The lesion generator is trained before our proposed pipeline to simulate realistic lesions. The generator is a 3D U-Net network with two input channels and one output channel. The first input channel receives an augmented version of 3D FLAIR patches containing MS lesions where lesions are replaced with random noise. The second input channel receives the MS lesion mask of the original 3D FLAIR patch. The output channels predict the original 3D FLAIR patch with lesions. Thus, the trained model can simulate synthetic MS lesions from a 3D patch of FLAIR and its corresponding lesion mask.

2.4. Data augmentation

The quality of the MRI greatly varies between datasets. The quality of the images depends on several factors such as signal-to-noise ratio, contrast-to-noise ratio, resolution, or slice thickness. Since our training set is limited, it does not reflect the diversity of real-world images. To make our training stages robust to the large variety of artifacts that may occur during the MRI acquisitions, an extensive Data Augmentation (DA) is used (refer to “DA” in Figure 2 and “Data Augmentation” in Figure 4). Such DA technique also helps to better oversample the scarce samples with new lesions (refer to Section 2.5.3).

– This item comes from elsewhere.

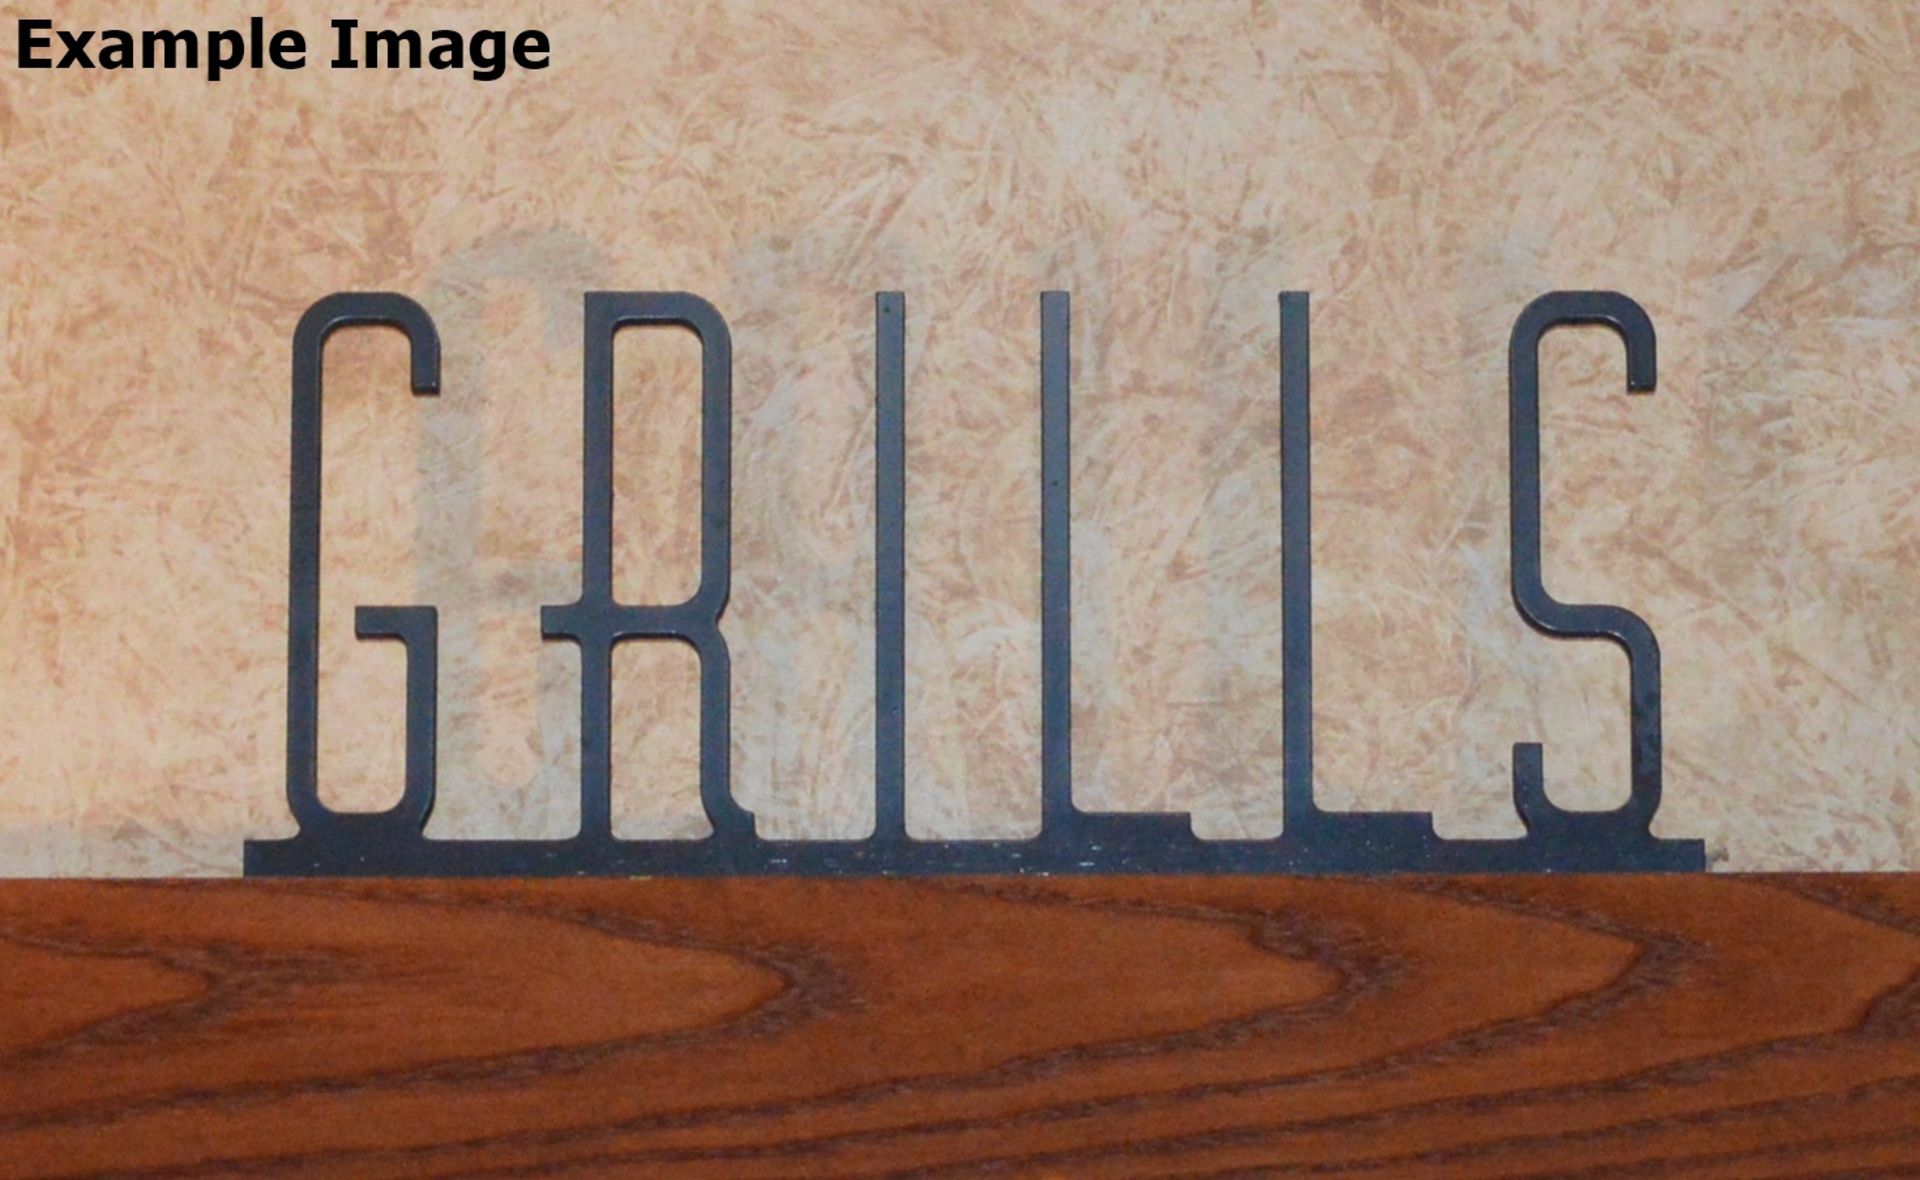 7 x Wooden Signs Suitable For Restaurants, Cafes, Bistros etc - Includes Grills, Amaretto, Penne, - Image 8 of 9

We use an improved version of the data augmentation strategy proposed in Kamraoui et al. (2022), which simulates MRI quality disparity. During training, we simulate “on the fly” altered versions of 3D patches. We randomly introduce a set of alterations in the spatial and frequency space (k-space): Blur, edge enhancement, axial subsampling distortion, anisotropic downsampling, noise, bias-field variation, motion effect, MRI spike artifacts, and ghosting effect. Figure 5 shows augmentation samples.


Figure 5. Examples of data augmentation applied on FLAIR images.

For the blur, a gaussian kernel is used with a randomly selected standard deviation (SD) ranging between [0.5, 1.75]. For edge enhancement, we use unsharp masking with the inverse of the blur filter. For axial subsampling distortion, we simulate acquisition artifacts that can result from the varying slice thickness. We use a uniform filter (a.k.a mean filter) along the axial direction with a size of [1 × 1 × sz] where sz ∈ 2, 3, 4. For anisotropic downsampling, the image is downsampled through an axis with a random factor ranging between [1.5, 4] and upsampled back again with a B-spline interpolation. For noise, we add to the image patch a Gaussian noise with 0 mean and an SD ranging between [0.02, 0.1]. Bias-field variation is generated using the study of Sudre et al. (2017) which considers the bias field as a linear combination of polynomial basis functions. Motion effect has been generated based on the study of Shaw et al. (2018). The movements are simulated by combining in the k-space a sequence of affine transforms with random rotation and translation in the ranges [−5, 5] degrees and [−4, 4] mm, respectively. Both MRI spike artifacts and the ghosting effect have been generated with the implementation of Pérez-García et al. (2021).

2.5. Data

Different datasets are used for the training and validation of the two tasks (refer to Table 1).


Table 1. Summary of the used datasets. For each dataset, the object count (Obj. Count) and the total volume (Tot. Vol. cm3) represent, respectively, the total number and the total volume in cm3 of lesions or new lesions (depending on the task).

2.5.1. Single time-point datasets

For time-points synthesis (refer to 2.3) and encoder pretraining (refer to 2.2), we jointly used three datasets containing single time-points FLAIR and lesion masks. First, the ISBI (Carass et al., 2017) training-set contains 21 FLAIR images with expert annotation done by two raters. Although the dataset is composed of longitudinal time-points from 5 patients, the provided expert annotations focus on the lesion mask of each time-point independently from the others and do not provide new lesion masks. Thus, we use the 21 images independently. Second, the MSSEG'16 training-set (Commowick et al., 2016) contains 15 patients from three different clinical sites. Each FLAIR image is along with a consensus segmentation for MS lesions from seven human experts. Third, our in-house (Coupé et al., 2018) dataset is composed of 43 subjects diagnosed with MS. The images were acquired with different scanners and multiple resolutions and their lesion masks have been obtained by two human experts.

All images were pre-processed using the lesionBrain pipeline from the volBrain platform (Manjón and Coupé, 2016). First, it includes image denoising (Manjón et al., 2010). Second, an affine registration to MNI space is performed using the T1w modality, then the FLAIR is registered to the transformed T1w. Skull stripping and bias correction have been performed on the modalities, followed by the second denoising. Finally, the intensities have been normalized with kernel density estimation.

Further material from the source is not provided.